Directions for this task — At the line with "Compass on top", start transcribing; stop after the last line of the data below. Keep it exact and leave pictures out.

Material provided —
◆ ◆ ◆ ◆ ◆

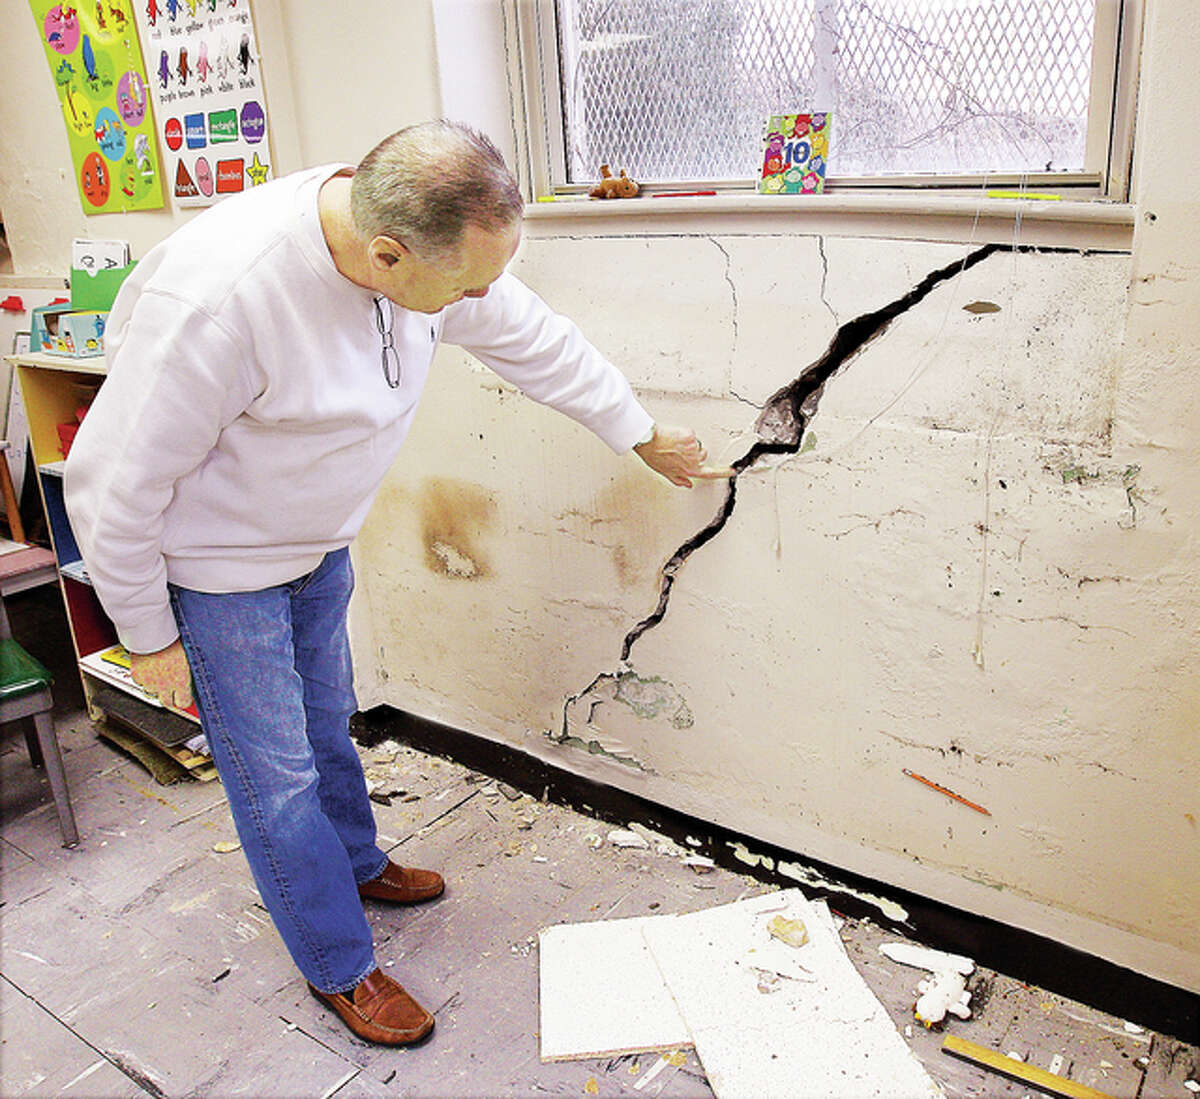 Ss Peter & Paul School principal Harry Cavanaugh examines a giant crack in the basement wall of the State Street Alton school Wednesday. Something is causing the northeast corner of the schools foundation to sag, making it unsafe for students who will move to Mark Twain School on Milton Road. Parents have raised concerns about the disruption of asbestos floor tiles which are breaking and popping up. The cracks extend to the upper floors of the school built in 1908.
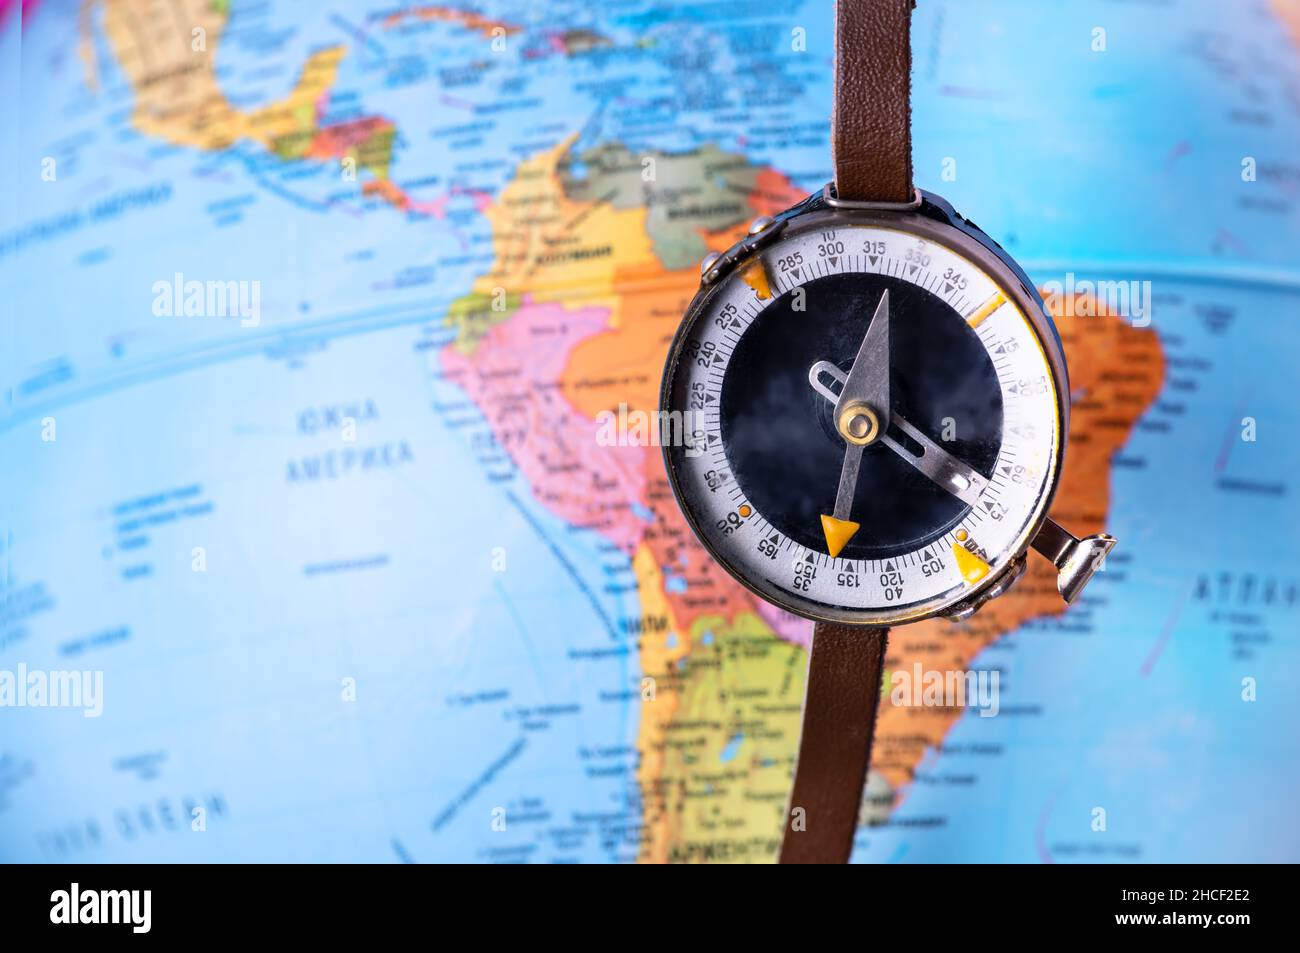 Compass on top of world map. Magnetic compass on world map. Stock Photo
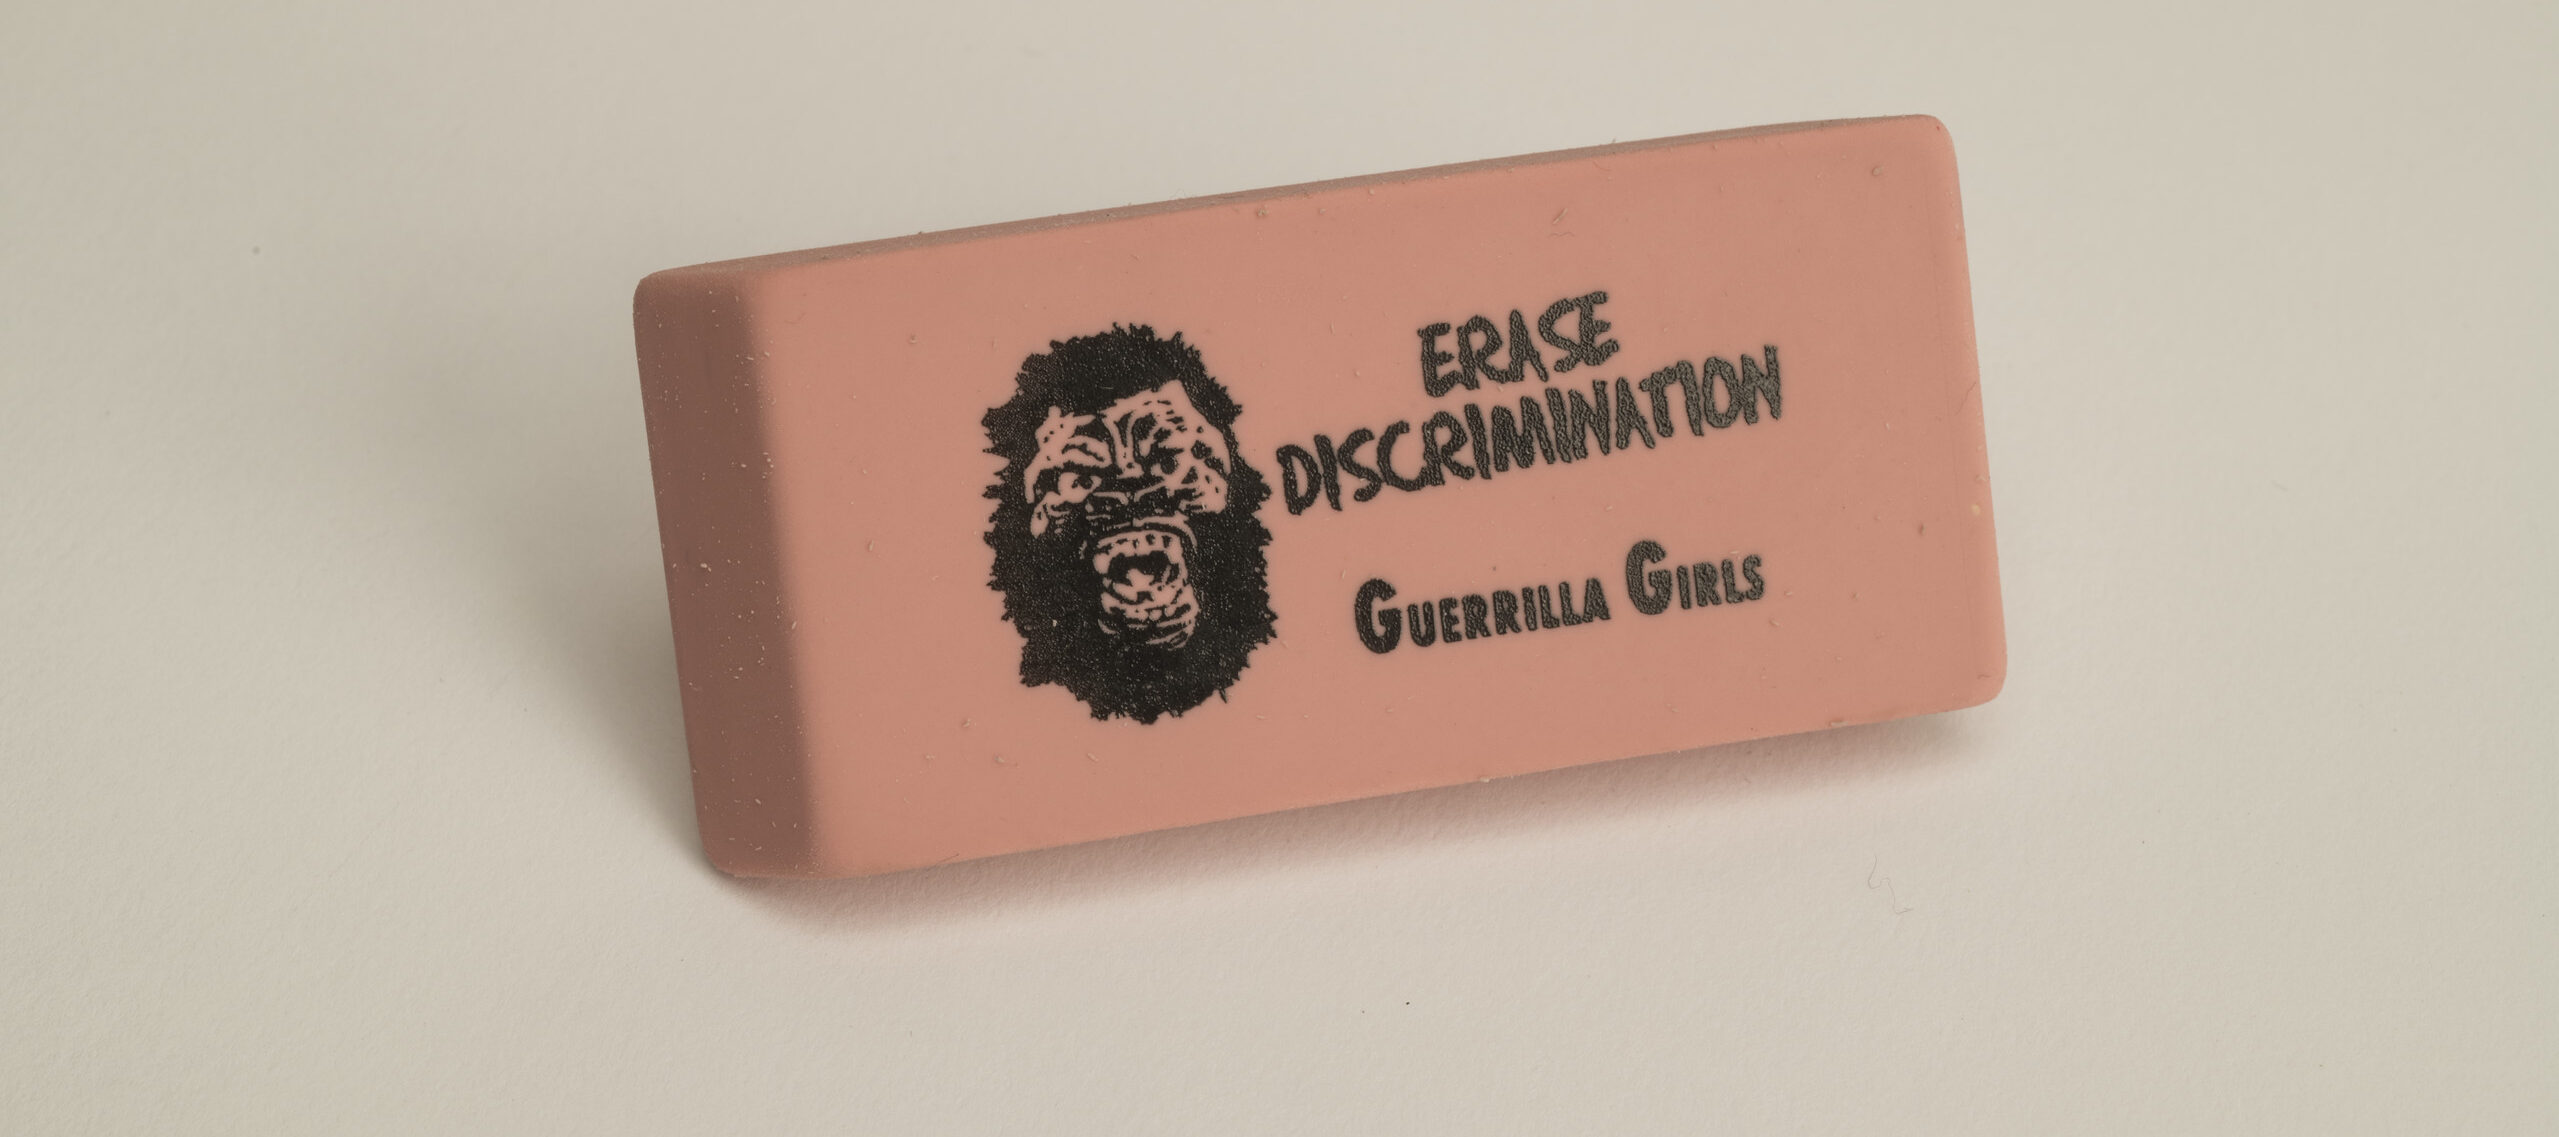 A rectangular pink eraser against a white background. Printed on the eraser in black is a yelling gorilla face to the left of the words,

◆ ◆ ◆ ◆ ◆

Answer section —
 Compass on top of world map. Magnetic compass on world map. Stock Photo
 A rectangular pink eraser against a white background. Printed on the eraser in black is a yelling gorilla face to the left of the words,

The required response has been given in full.